## Material provided
= Beginning of Section =

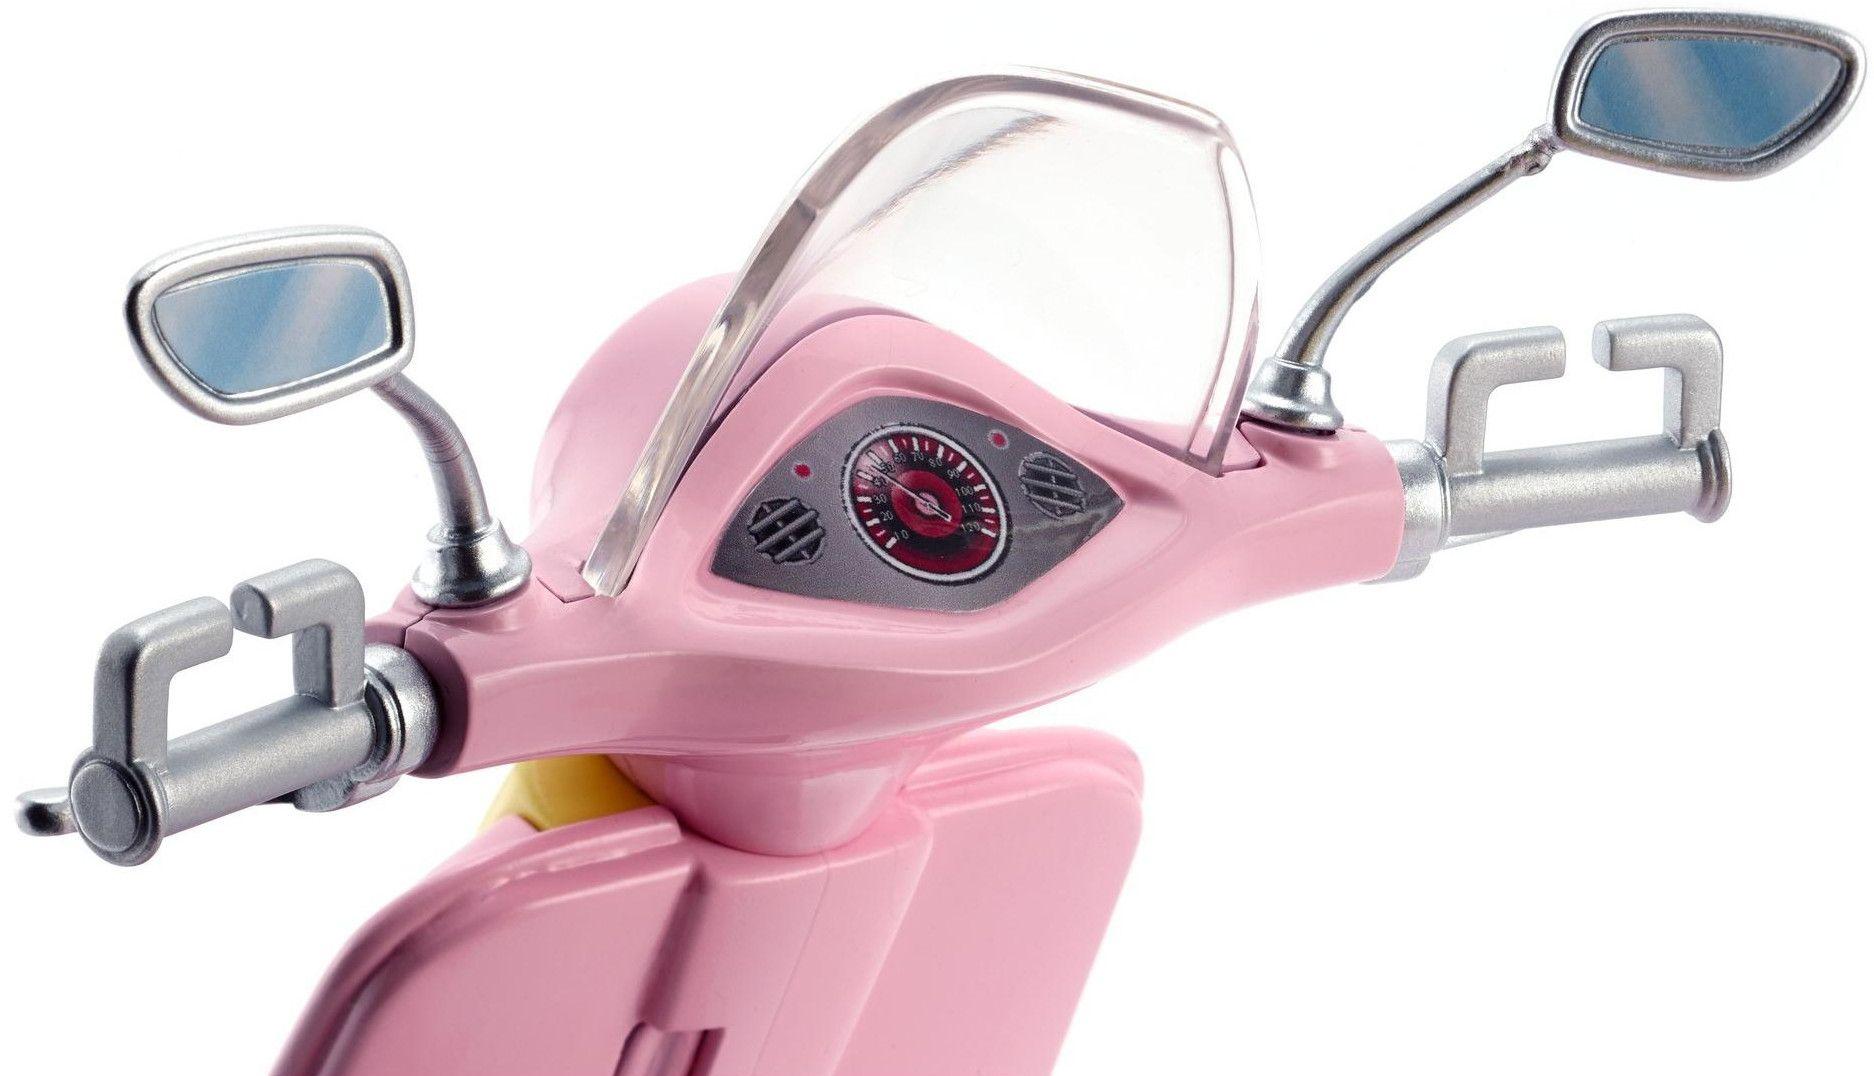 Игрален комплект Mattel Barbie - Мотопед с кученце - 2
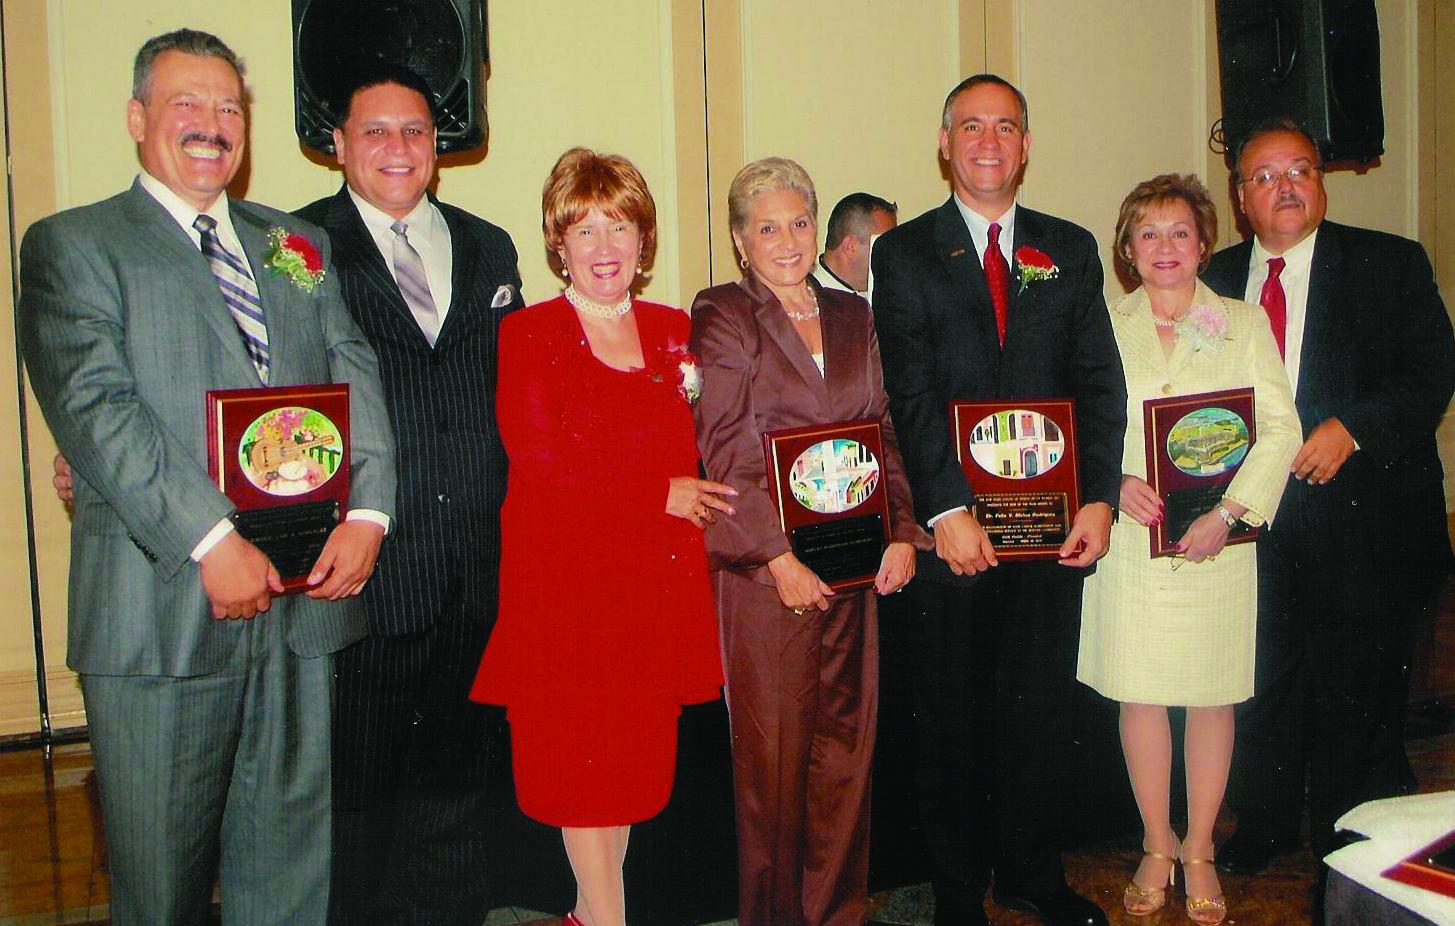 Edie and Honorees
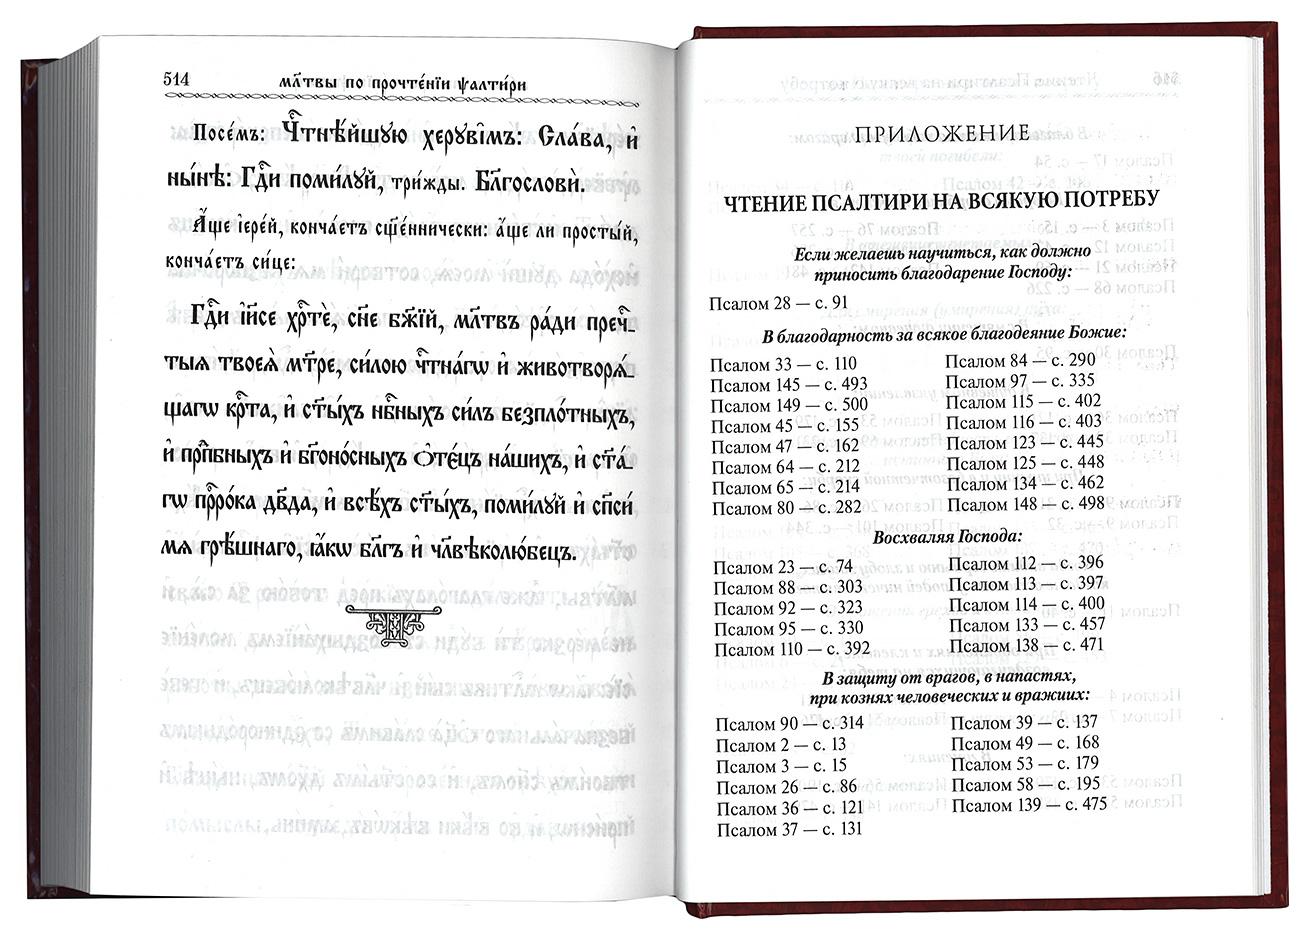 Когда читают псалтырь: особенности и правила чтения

= End of Section =

This exercise asks for the data above to be given again exactly, without pictures.

## Result of the exercise
 Игрален комплект Mattel Barbie - Мотопед с кученце - 2
 Edie and Honorees
 Когда читают псалтырь: особенности и правила чтения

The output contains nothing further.